Quantitative RT‐PCR analysis

RNA extraction, removal of DNA, first‐strand cDNA synthesis, and RT‐qPCRs were performed as described by Wang et al. (2018); primers are listed in Table S11. All assays were biologically replicated in triplicate and each technically replicated in triplicate; “no template” controls were included. Data analysis was based on that described in Avrova et al. (2003). The P. kernoviae actinA gene (TCONS_00001238.p1; GenBank KAF4323451) was used as an endogenous control as it exhibited less than 2‐fold variation in expression in RNA‐Seq and is homologous to the ActA gene used as an endogenous control for P. infestans.
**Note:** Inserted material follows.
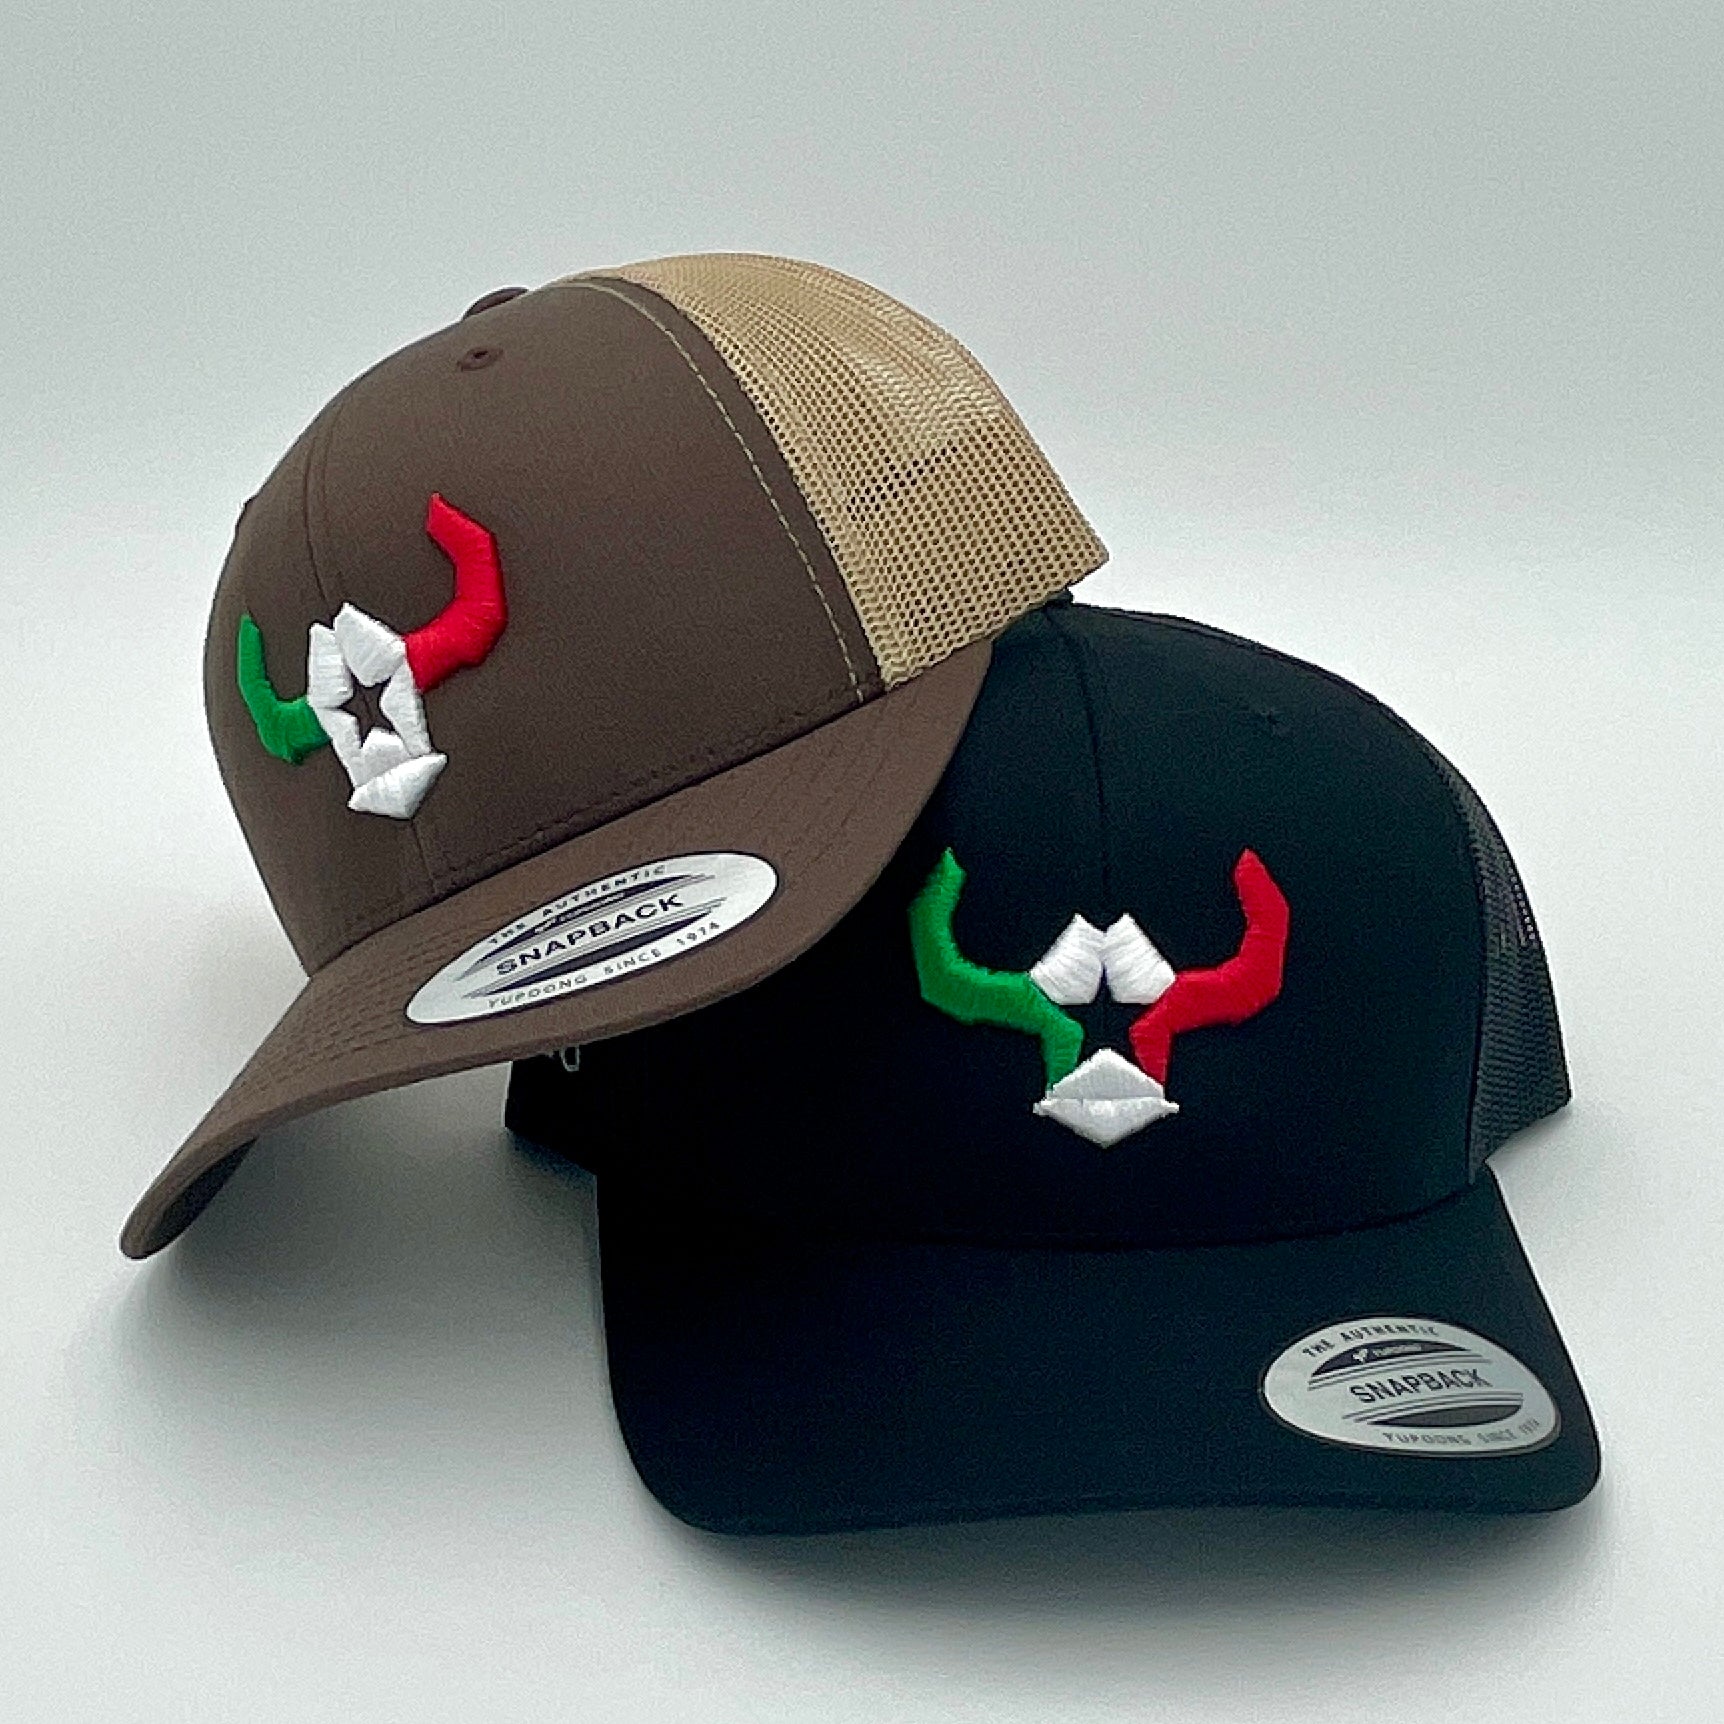 Brown Hat Tri Color Trucker Mesh Cap Yupoong Richardson112 Affordable Custom Apparel Embroidery Cheap Affordable Custom Hats & Caps

Vector construction and A. tumefaciens transient assays

Candidate P. kernoviae RXLR effectors were cloned without their predicted signal peptides to retain them inside plant cells. Sequences were PCR amplified from P. kernoviae genomic DNA using gene‐specific primers that included Gateway recombination sites (Table S11), then introduced into pDONR201 using Gateway cloning (Invitrogen) to yield entry clones. Entry clones were recombined with destination vector pB7WGF2 (Karimi et al., 2005), containing the enhanced green fluorescent protein (eGFP) gene to yield N‐terminal GFP‐effector fusions, because the C‐terminus of RXLR effectors contains the functional domain. Destination vectors containing GFP‐effector sequences were electroporated into A. tumefaciens AGL1. Transformed A. tumefaciens strains were prepared for leaf infiltration as described in Wang, McLellan, et al. (2019). ATTAs were carried out essentially as described by Kunjeti et al. (2016) and Wang, McLellan, et al. (2019). Leaves were kept on damp paper in sealed clear plastic boxes at 20 °C for 24 hr before P. kernoviae infection. P. kernoviae zoospores (10 µl, 5,000 zoospores/ml) were applied to each infiltration site. P. kernoviae is highly infective on N. benthamiana, thus we used a low number of zoospores per inoculation site in ATTAs to avoid an overwhelming inoculum load masking infection establishment effects that were specifically due to effector expression. Inoculated leaves were kept in sealed plastic boxes at 20 °C to maintain high humidity for disease development. Lesion diameter was measured at 4 dpi. Four sites were inoculated on each leaf and nine leaves were used for each of three replicates. A one‐way analysis of variance (ANOVA) Student–Newman–Keuls test was performed to identify statistically significant differences compared to the control (Wang, McLellan, et al., 2019).

Immunoblotting

Leaf disks (1 cm diameter) were harvested at 2 dpi after Agrobacterium infiltration with constructs expressing GFP‐RXLR effector fusion proteins. Leaf disks were ground in liquid nitrogen and resuspended in 100 µl of GTEN buffer (Boevink et al., 2016). Sample preparation was as described in Wang, McLellan, et al. (2019). Electrophoresis was performed as in Wang et al. (2018). Gel electroblotting, Ponceau staining, membrane blocking, and washing steps were carried out as described by McLellan et al. (2013). The αGFP primary antibody (Chromotek) was used at 1:2,000 dilution. Secondary antibody, anti‐mouse IgG horseradish peroxidase (Chromotek), was diluted 1:8,000. Immunoblotting membrane was processed with ECL substrate (Thermo Scientific Pierce) using the manufacturer's protocol and imaged with Amersham Hyperfilm ECL, developed with an Xograph imaging system, compact X4 developer.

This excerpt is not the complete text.